START SUPPLIED MATERIAL

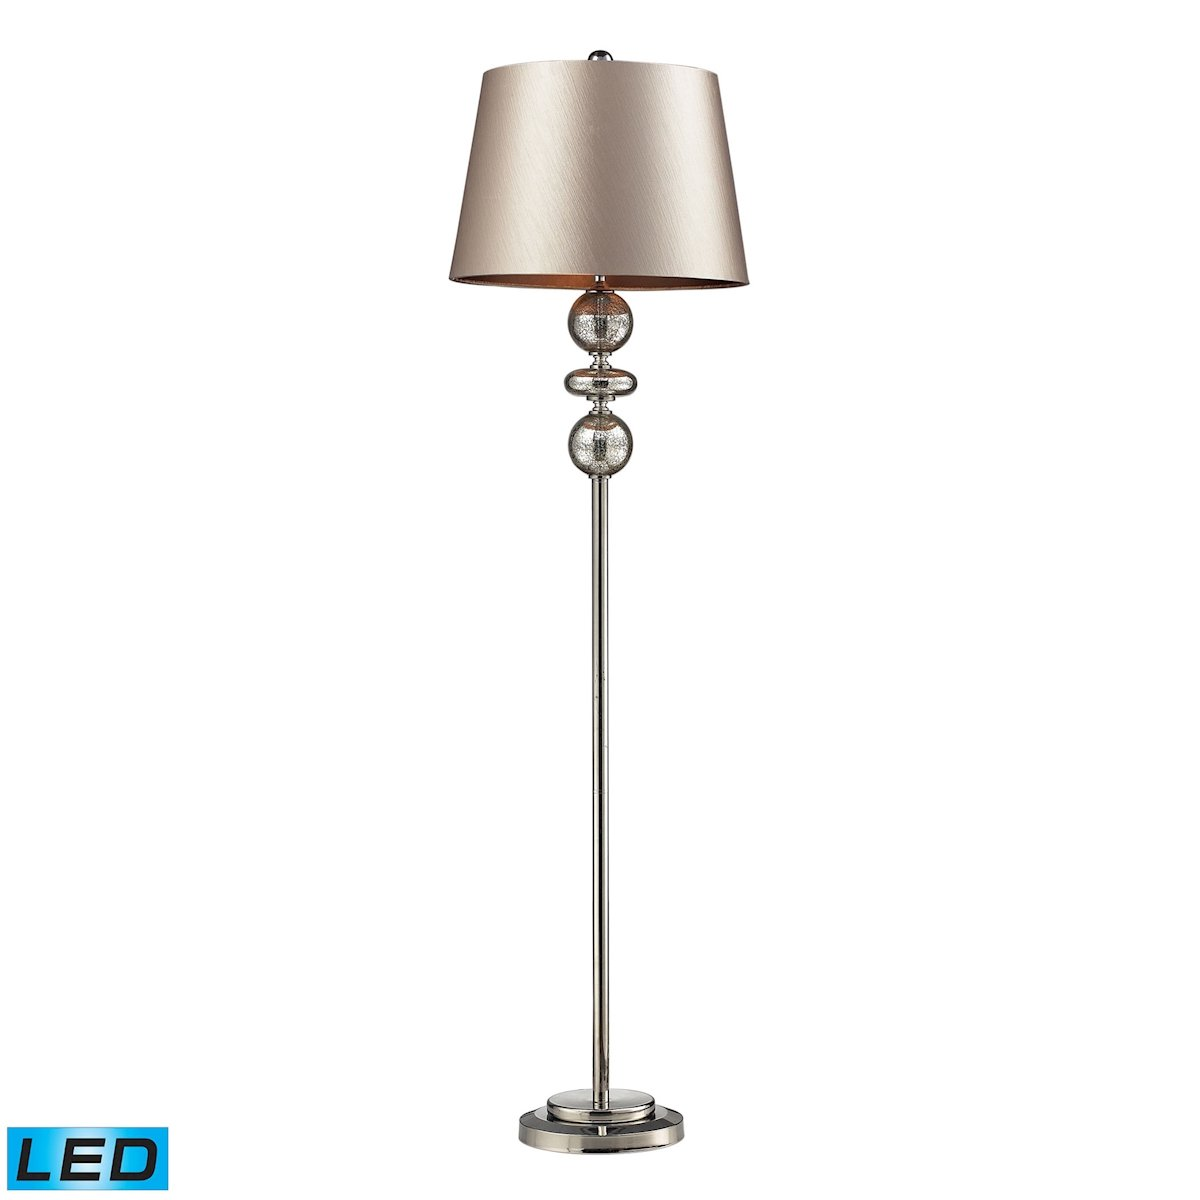 Dimond Lighting Hollis Floor Lamp Polished Nickel
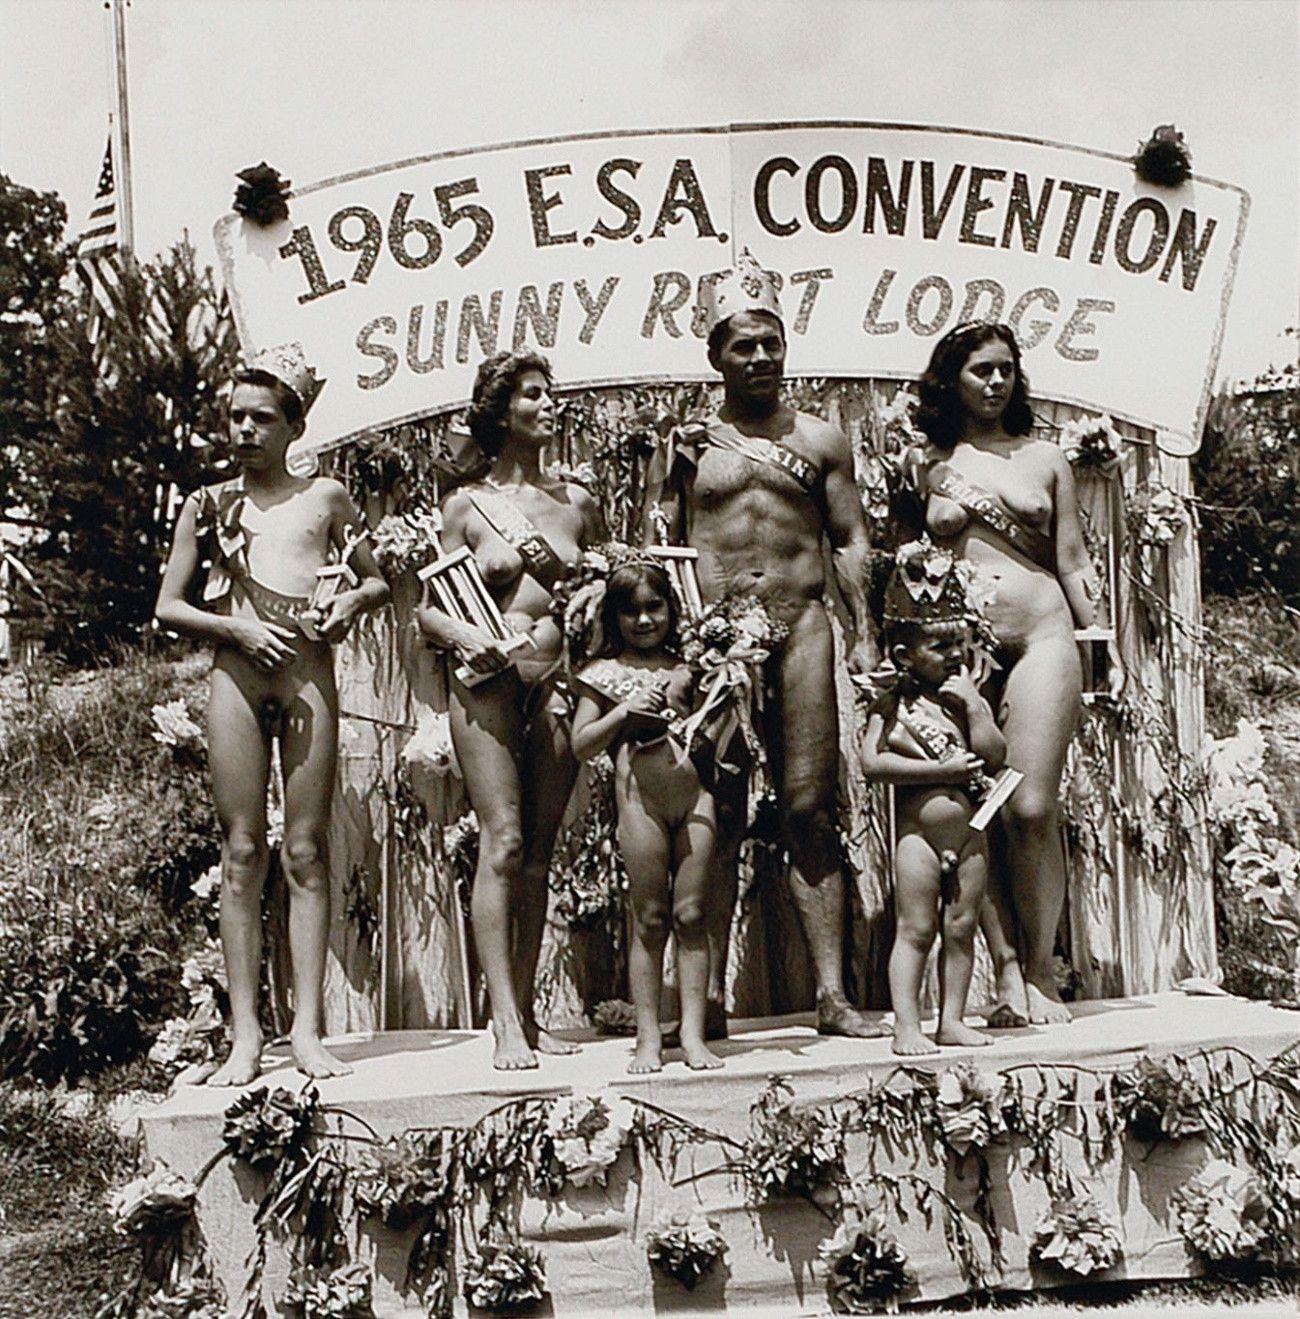 Family nudist camp
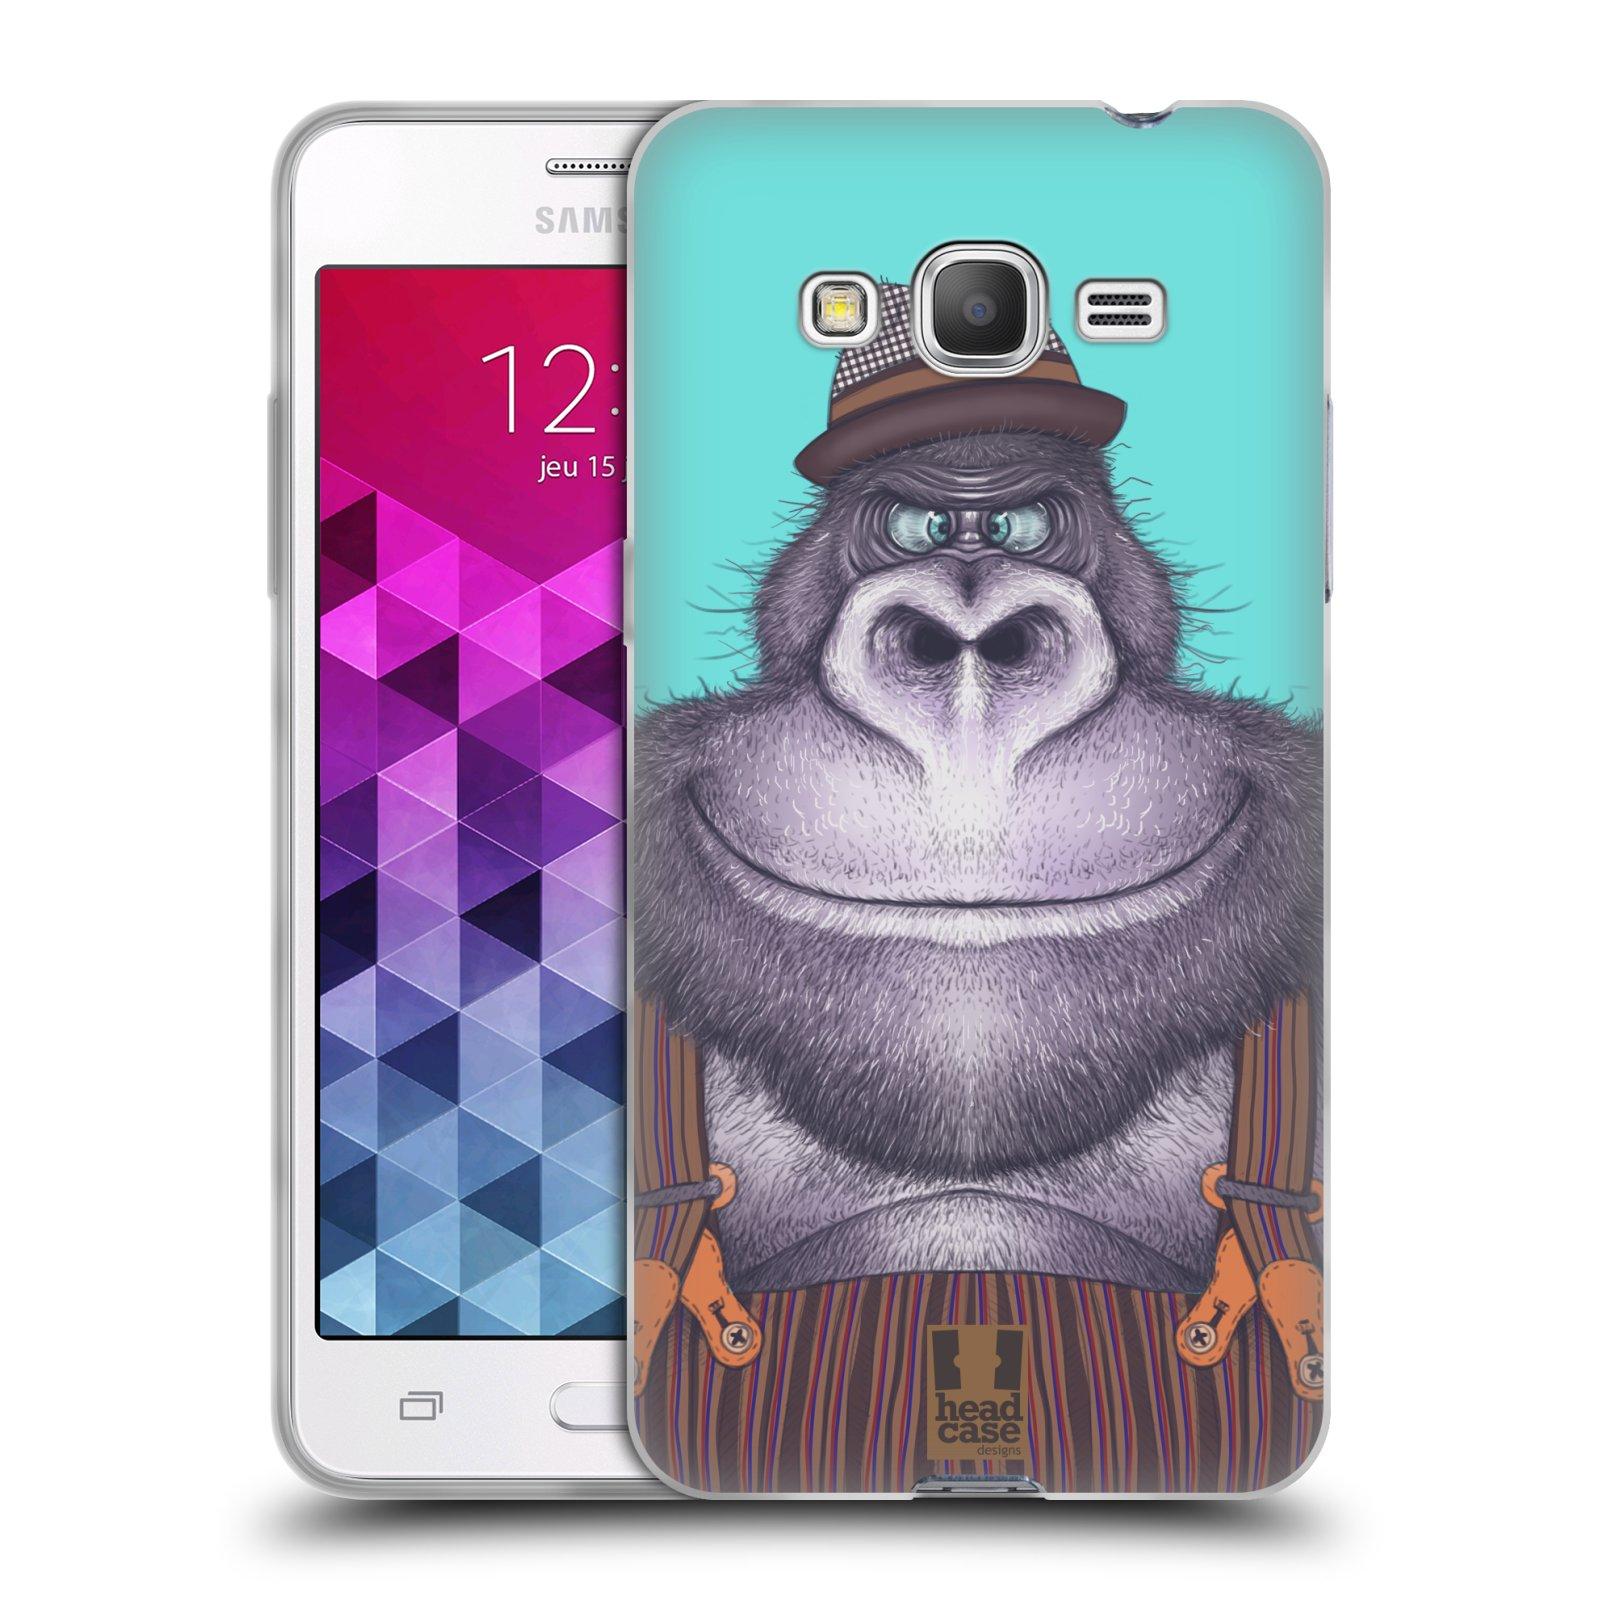 Silikonové pouzdro na mobil Samsung Galaxy Grand Prime VE HEAD CASE ANIMPLA GORILÁK

END SUPPLIED MATERIAL

▸ WHAT IS EXPECTED:
Skipping the pictures, transcribe each line above exactly as it appears.

▸ SOLUTION TO THIS EXERCISE:
 Dimond Lighting Hollis Floor Lamp Polished Nickel
 Family nudist camp
 Silikonové pouzdro na mobil Samsung Galaxy Grand Prime VE HEAD CASE ANIMPLA GORILÁK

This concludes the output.